3.2 Variable Mapping with Fuzzy Matching 

The metadata subsection containing variables adheres to different specifications for content and 
formatting than the other metadata subsections. ICARTT variables proved to be particularly difficult to 
parse, as they were prone to subtle and irregular errors, and required our program to reference an 
external knowledge base for verification of content. As such, the implementation of a more intelligent, 
adaptable algorithm to properly handle the variable subsection was required. 

ICARTT files contain two distinct variable types: time variables and dependent variables. 

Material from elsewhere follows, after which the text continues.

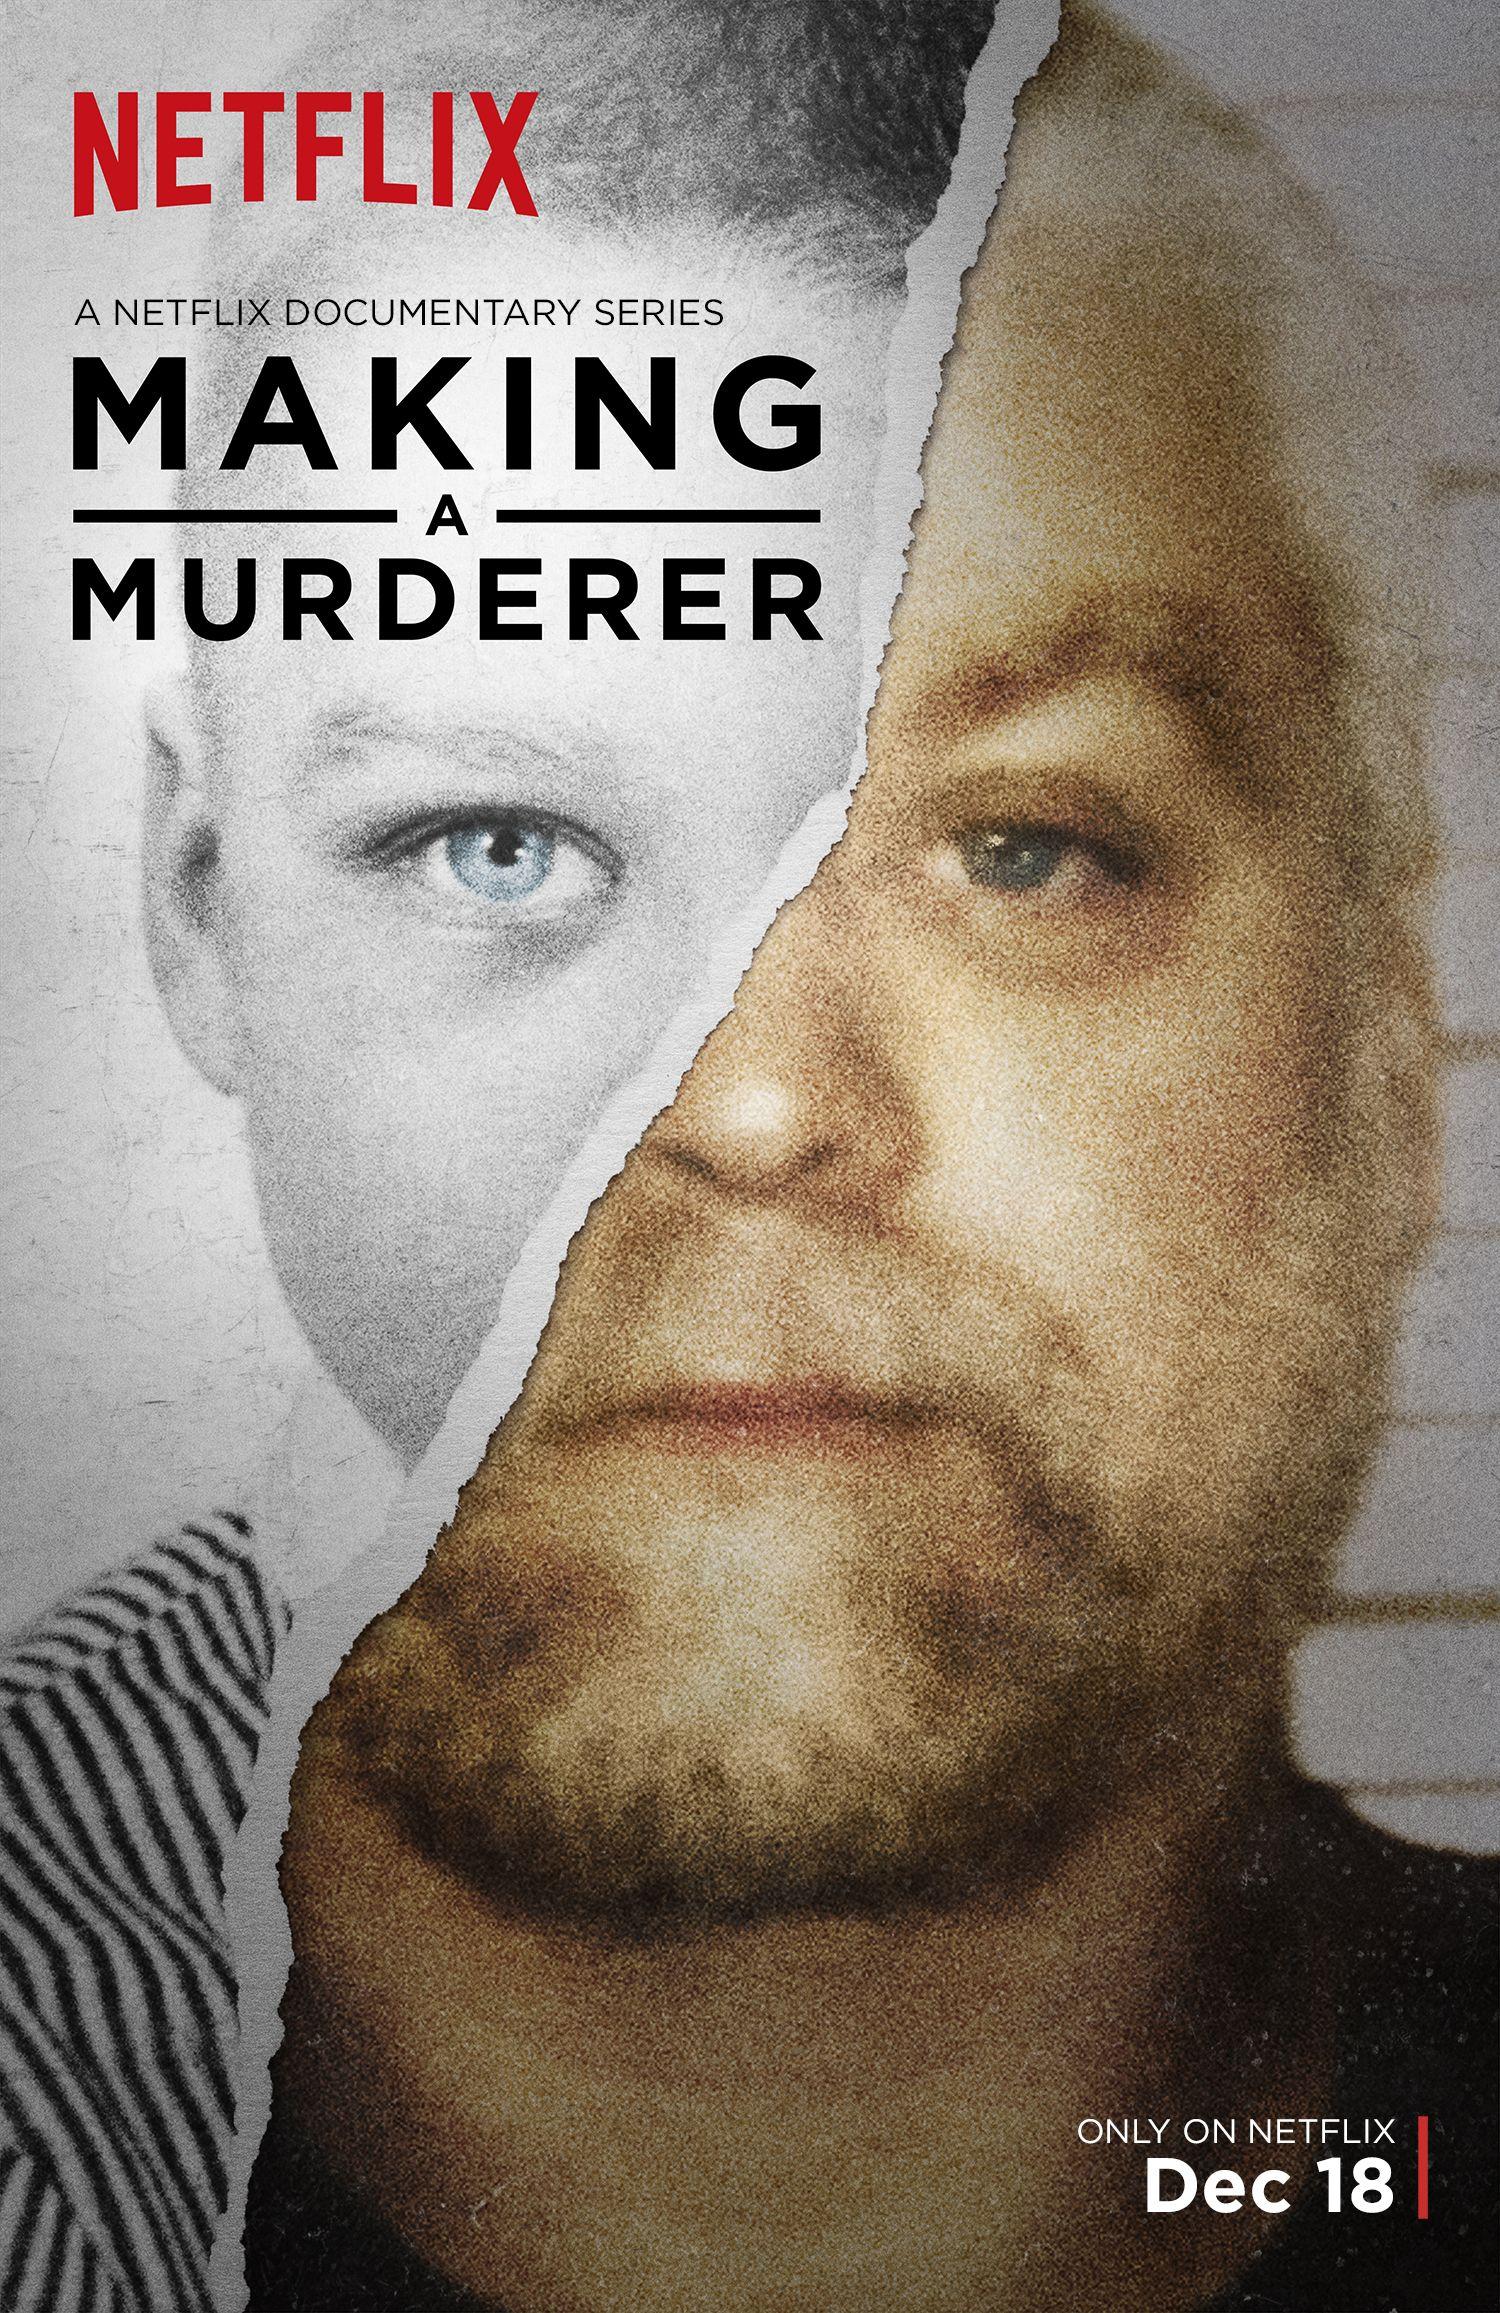 Netflix Making a Murderer Steven Avery

Ideally, both have certain discernible traits denoting their type, but this is often not the case with raw 
files. In order to separate time variables from dependent variables, we use a configuration file against 
which fuzzy matching is performed to categorize the variable. 

A corresponding Extended Variable Map was created as the aforementioned knowledge base 
for each of the ICARTT mission file sets. These maps contained all the information a human would 
normally need to correct the dependent variables in a file. All time variables are considered 
“independent variables” for these purposes and thus not included in the maps. Each row in an Extended 
Variable Map corresponds one-to-one to a variable in an ICARTT file, but both the raw files and the 
Variable Maps were created manually, resulting in irregularities stemming from human error. For 
example: the extended map and variable info lines often contained different names for the same variable, 
but the extended map would only list one of the two, or might not perfectly match either — perhaps using 
underscores where there could be hyphens, or zeros (“0”) where there should be the letter “O”. Thus 
the information lines had to be matched to column headers before the extended map could be applied. 



3.2.1 Fuzzy Match Pairing Algorithm 

The Fuzzywuzzy Python library [6] gave our program the necessary matching capabilities to 
make it far more sensitive to subtle and odd edge cases resulting from human error. The library centers 
its operations around a fairly simple implementation of Levenshtein distance [13] to find the closest 
matches between pairs of strings. 

The following algorithm is used to find the optimal one-to-one fuzzy matching between two lists (“left” 
and “right) of strings: 

1 . If the right list is empty, pair each element in the left list with the null element. 

2. For each element in the left list, find its best confidence match in the right list. 

3. If any two or more elements in the left list matched to the same element in the right list, then 
choose the one with the greater confidence. 

4. If an element in the right list only has one match in the left list, then pair those two elements. 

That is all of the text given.